The show closed with “The Display of Great Compassion,” a plea to save all societie from modern distractions like fads, cell phones and advertising brainwashing in favor of faith, compassion and integrity. Creator returns to symbolize the battle between good and evil, and the path to renewal and hope.

Shen Yun emphasizes tradition—no nudity, tights, scatology or off-color material. Whatever you may think, gender roles are defined: men are heroic and athletic; women are graceful and modest (even to narrow silk pants under their flowing dresses and white cotton shorts beneath modern shorter skirts). You can take your grandparents and children to this spectacular show.

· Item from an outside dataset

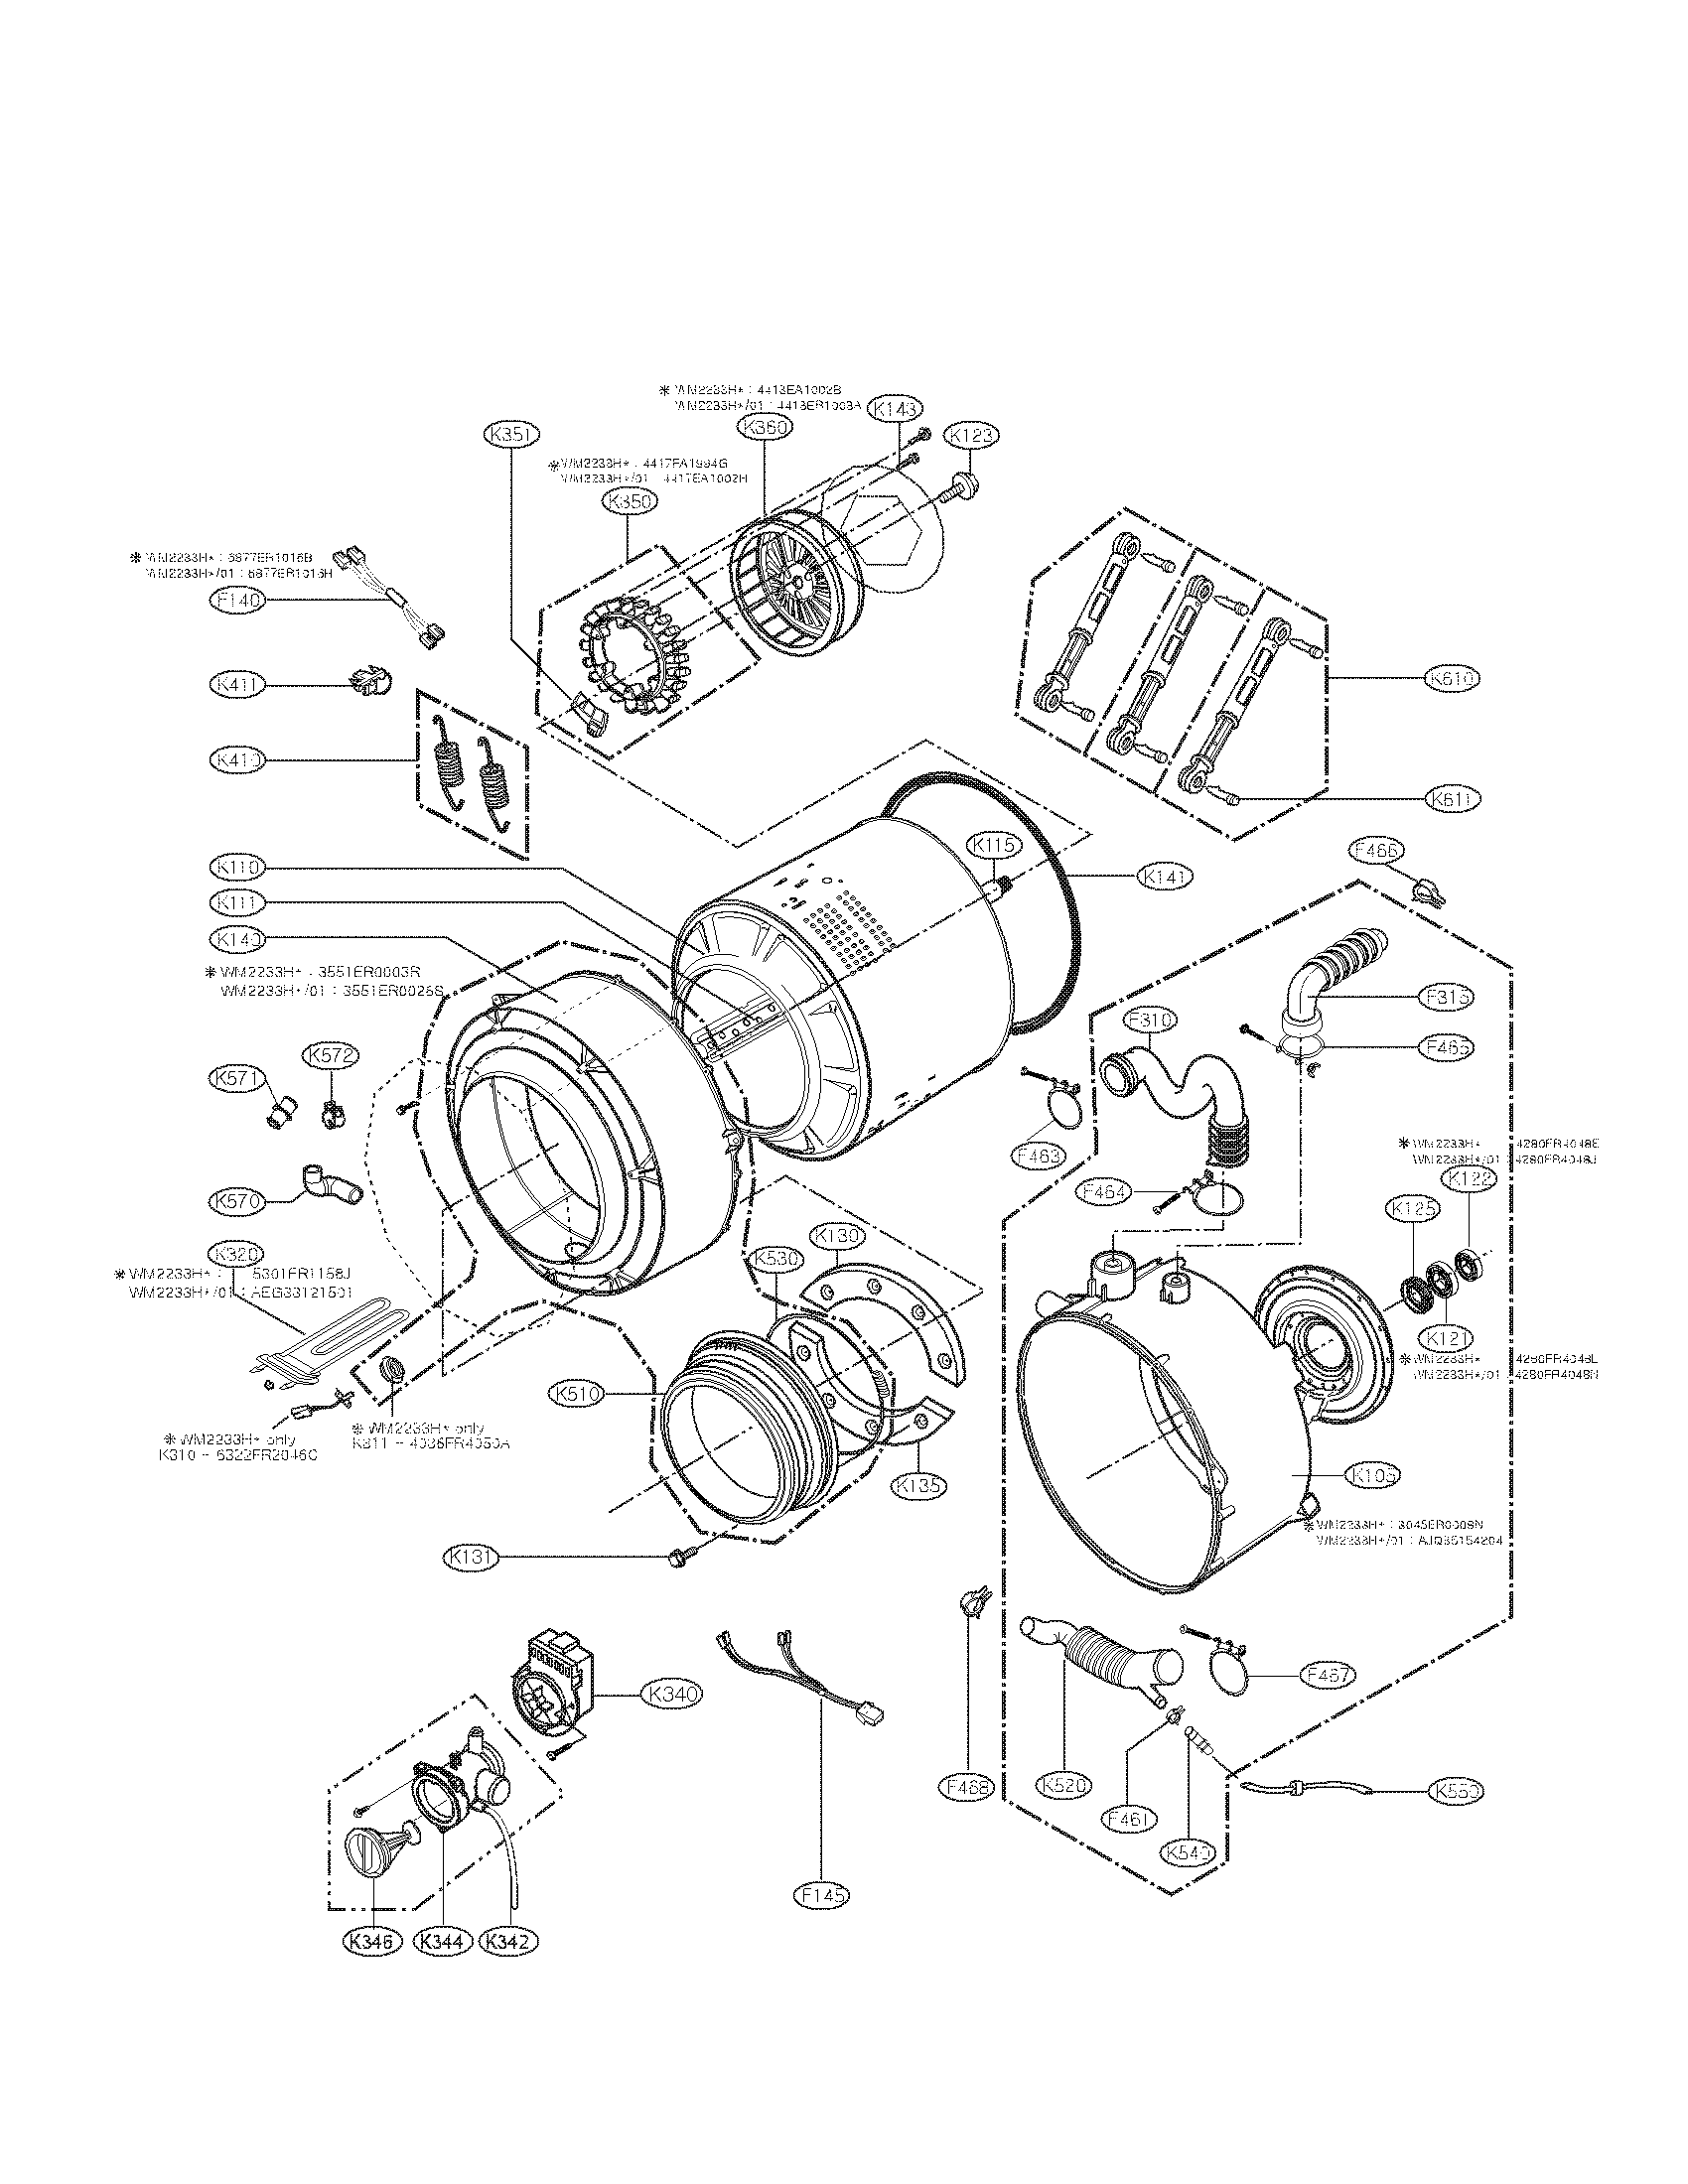 DRUM AND TUB PARTS Diagram & Parts List for Model wm2101hw LG-Parts

Everyone was thrilled by Shen Yun’s newly-patented digital projection that seamlessly blended with live action onstage and glowed with ancient and modern vistas; by the dazzling costumes, choreography and dancing; by the orchestra that features western and eastern instruments. Perhaps most winning of all is the international nature of the company: Chinese, Japanese, American, Australian, Russian, Venezuelan.

“See you next year,” the company waved from the stage. Yes!